Как он там выразился…
Носитель куклы рядом.
Мне вспомнились те две проклятые куклы, доставившие мне и моей семье столько горя. Вспомнился недавний сон, где в роли куклы была замученная какими-то фашистами девочка. Но — то сон, во сне всё, что угодно присниться может, особенно если нервы утратили сталь толстого троса, способного остановить истребитель на форсаже.

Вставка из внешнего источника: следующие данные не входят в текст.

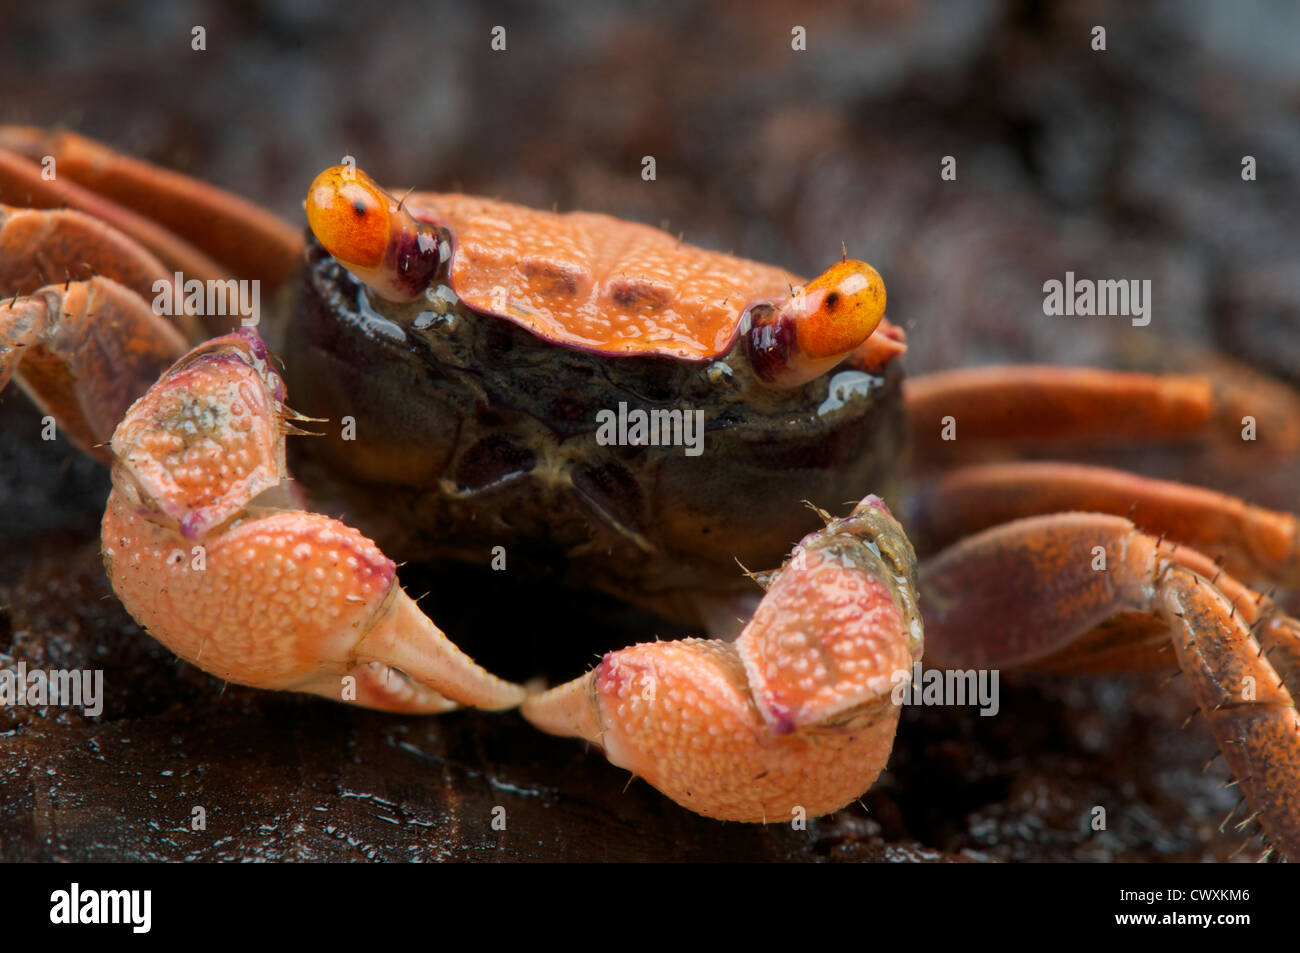 Orange vampire crab / Geosesarma sp. Stock Photo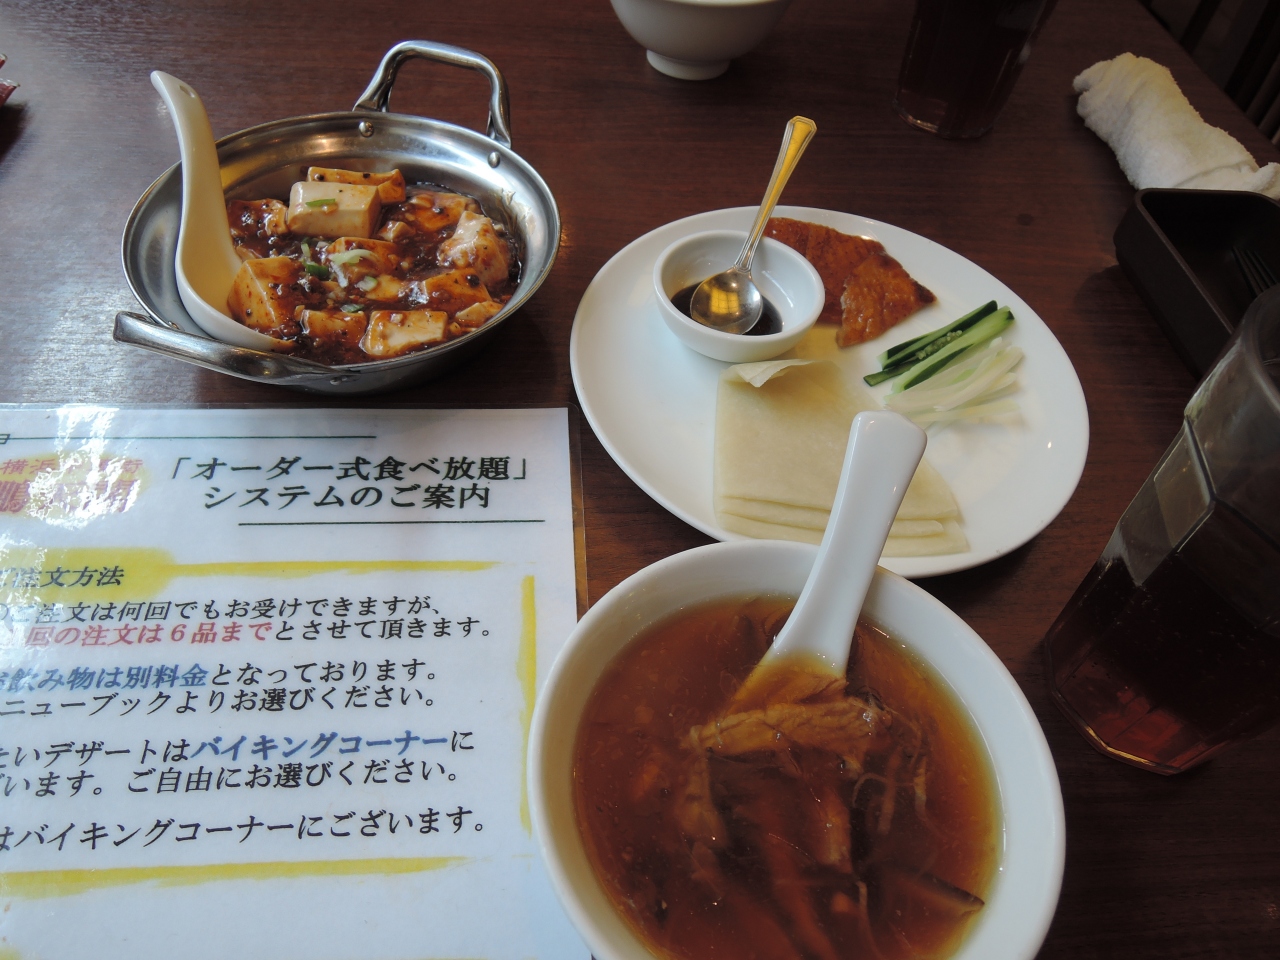 食べ放題 Part1 横浜 神奈川県 の旅行記 ブログ By メンデル親父さん フォートラベル

Я — флегматик. Я часто реагирую слишком медленно. Но меня всё равно догоняет. На десятые сутки, на двенадцатые, но догоняет всё равно. Плещет в душу ужасом, ноги становятся тряпочными, а в правый висок с переходом на глаз вгрызается тупая, но от того не менее страшная мигрень. И если не остановить её вовремя принятым ибупрофеном, быть мне зомби не менее семи-восьми дней.
Чёрт.
Аптечку я не взяла, конечно же.
В купе вползла на полусогнутых, повалилась на свою полку. Сил не оставалось даже застонать. Что за невезуха такая!
При мигрени обостряются запахи, глаза реагируют на свет так, будто вместо обычной лампочки тебя обливает резким ослепительным светом атомная бомба, и хочется умереть, лишь бы не длить эту проклятую пытку.
Но если глаза ещё можно закрыть, то заткнуть нос уже не так-то просто. В купе пахло. Свежевыпитым кофе, стаканы так и стояли, их забыли отнести обратно. Я же сама и забыла, могла бы отнести, раз кипяток приносил попутчик. Но я забыла, а сейчас браться за них было бы самоубийством: я не могла повернуть головы без того, чтобы не получить заряд убивающей боли.